1. A liquefied natural gas production system using liquid nitrogen as a primary refrigerant,
the system comprising:
a natural gas stream (24) from a supply of natural gas (20);
a liquefied nitrogen stream (12) from a supply of liquefied nitrogen (14);
at least one heat exchanger (22) that exchanges heat between the liquefied nitrogen
stream and the natural gas stream to at least partially vaporize the liquefied nitrogen
stream and at least partially condense the natural gas stream;
characterized in that the liquefied natural gas production system comprises
a greenhouse gas removal unit (30) comprising a distillation column (32) having a
heat pump condenser and reboiler system, the greenhouse gas removal unit configured
to remove greenhouse gas from the at least partially vaporized nitrogen stream, wherein
the heat pump condenser and reboiler system comprises
a compressor (38) that increases a pressure and condensing temperature of an overhead
stream of the distillation column (34),
a heat pump heat exchanger (40) to cross-exchange the overhead stream of the distillation
column (34) and a bottoms stream of the distillation column (36) to affect both an
overhead condenser duty and a bottom reboiler duty of the distillation column (32),
a pressure reduction device (42), connected to an output of the heat pump heat exchanger
(40), and configured to reduce a pressure of the distillation column overhead stream
(34) after the distillation column overhead stream has passed through the heat pump
heat exchanger (40), and
a separator (44), connected to an output of the pressure reduction device (42), and
configured to produce a first separator overhead stream, wherein the first separator
overhead stream is gaseous nitrogen that exits the greenhouse gas removal unit having
greenhouse gases removed therefrom;
at least one expander service (28) that reduces the pressure of the at least partially
vaporized nitrogen stream; and
a controller (72) that adjusts an inlet temperature of a first of the at least one
expander service to affect an overhead condenser duty and a bottom reboiler duty of
the distillation column.
2. The liquefied natural gas production system of claim 1, wherein the liquefied nitrogen
stream is circulated through a first of the at least one heat exchanger at least three
times.
3. The liquefied natural gas production system of any one of claims 1 - 2, wherein the
greenhouse gas removal unit (30) further comprises at least one of an adsorption system
and a catalytic system.
4. The liquefied natural gas production system of claim 1, wherein an inlet stream of
the distillation column (32) is an outlet stream of a first of the at least one expander
service (28).
5. The liquefied natural gas production system of claim 1, wherein an increase of the
inlet temperature of the first of the at least one expander service (28) increases
the overhead condenser duty and decreases the reboiler duty, and further wherein a
decrease of the inlet temperature of the first of the at least one expander service
decreases the overhead condenser duty and increases the reboiler duty.

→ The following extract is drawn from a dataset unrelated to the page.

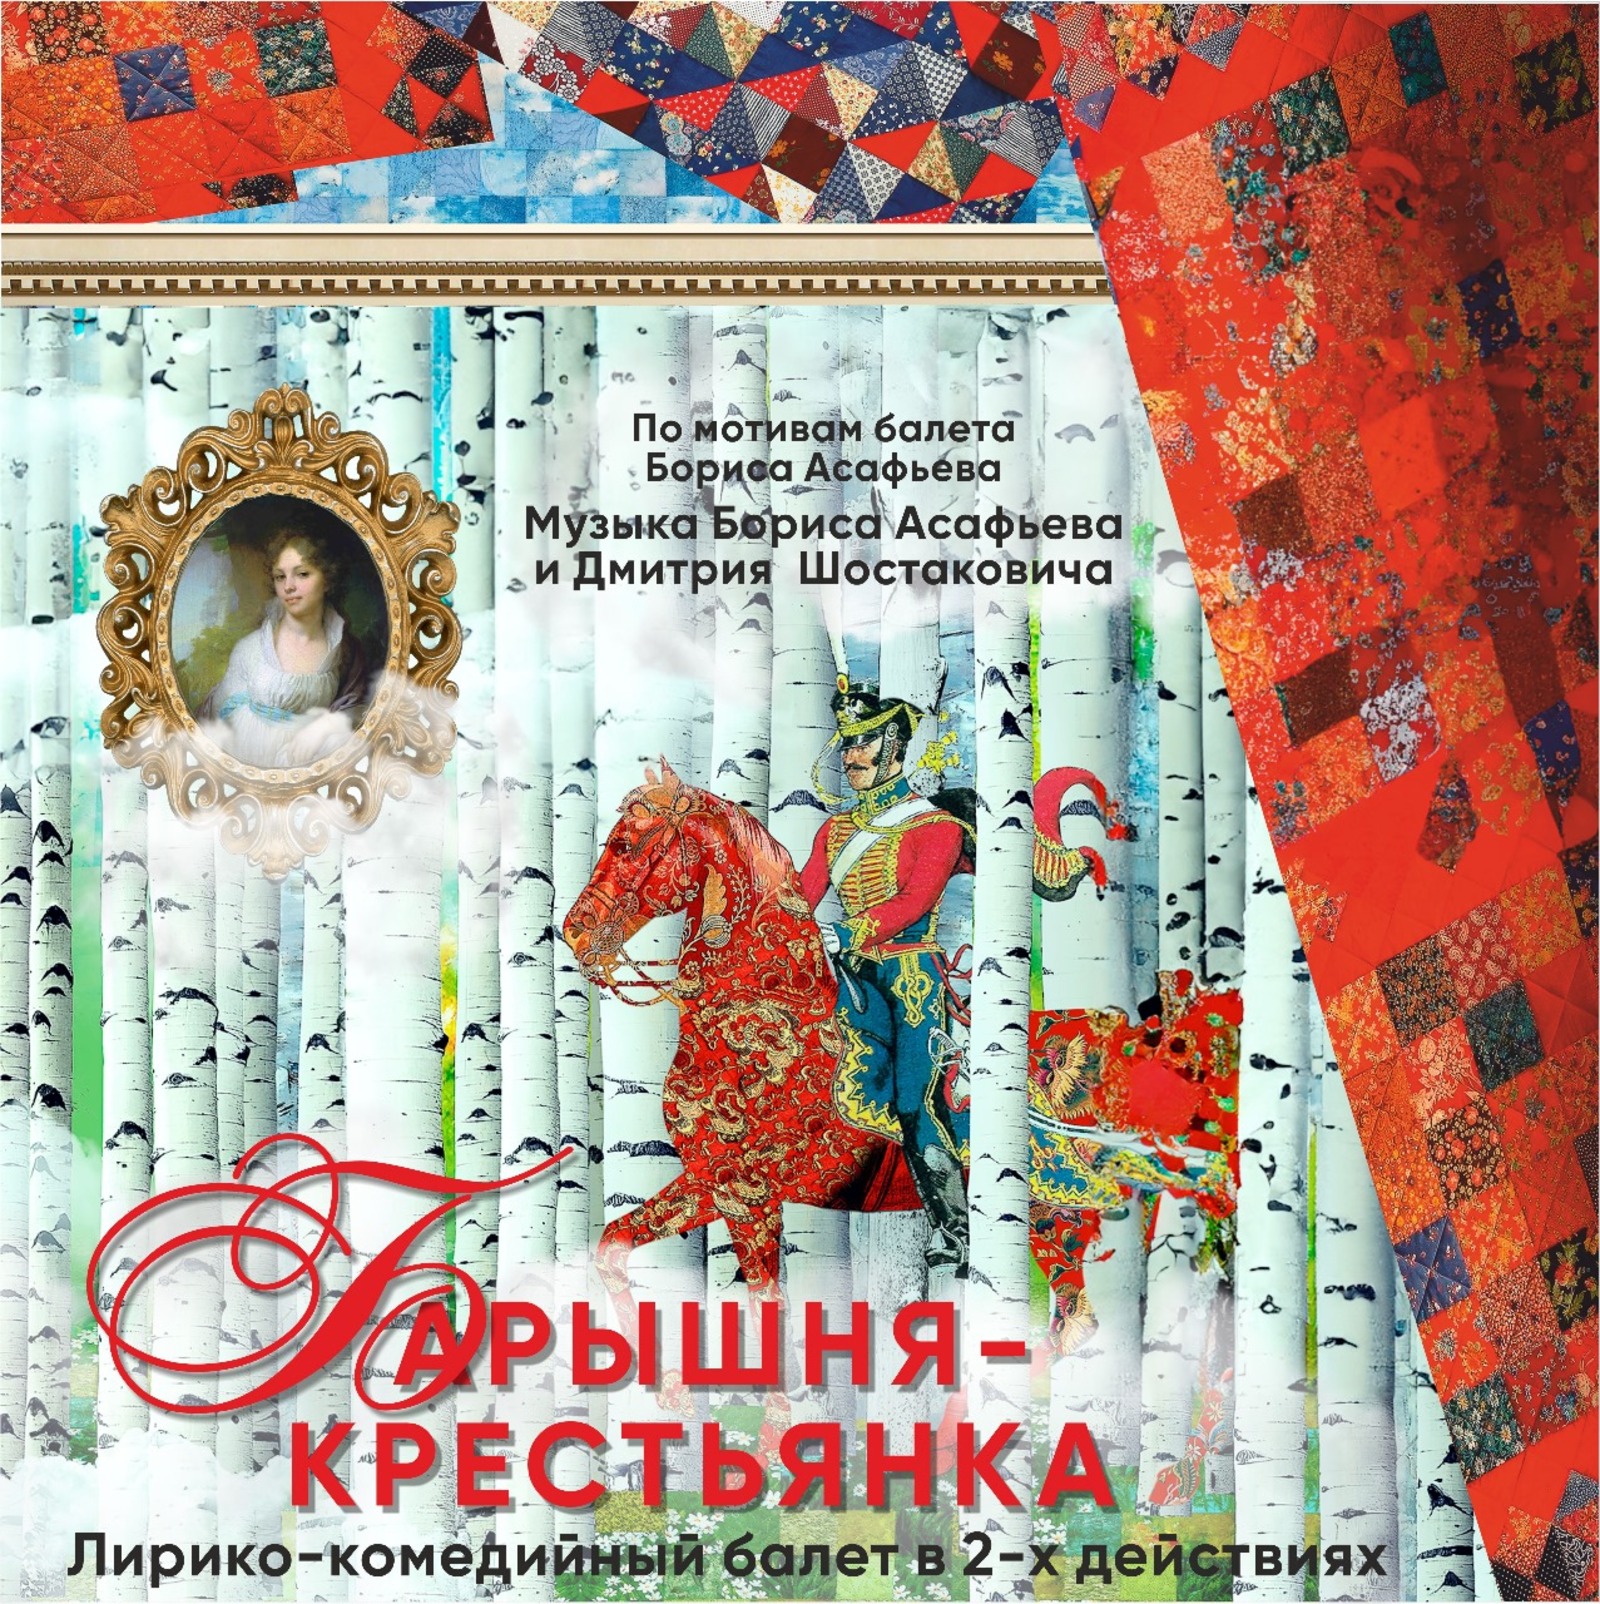 В Башкирском государственном театре оперы и балета состоится премьера балета «Барышня-крестьянка»

6. The liquefied natural gas production system of claim 1, wherein the controller is
further configured to control (72) the compressor to adjust the increase in the pressure
of the overhead stream of the distillation column (32), thereby changing overall heat
transfer in the heat pump heat exchanger.
7. The liquefied natural gas production system of any one of claims 1 or 5-6, further
comprising a nitrogen vent system that vents the first separator overhead stream to
atmosphere.
8. The liquefied natural gas production system of any one of claims 1 or 5-7, further
comprising a second heat exchanger in which the first separator overhead stream exchanges
heat with the natural gas stream to increase a temperature of the first separator
overhead stream to at least ambient temperature prior to the first separator overhead
stream entering the nitrogen vent system.
9. The liquefied natural gas production system of system of any one of claims 1 - 8,
further comprising a pressure reducer that reduces a pressure of the at least partially
condensed natural gas stream.
10. The liquefied natural gas production system of claim 9, wherein the pressure reducer
is one or more of a hydraulic turbine and a Joule-Thomson valve.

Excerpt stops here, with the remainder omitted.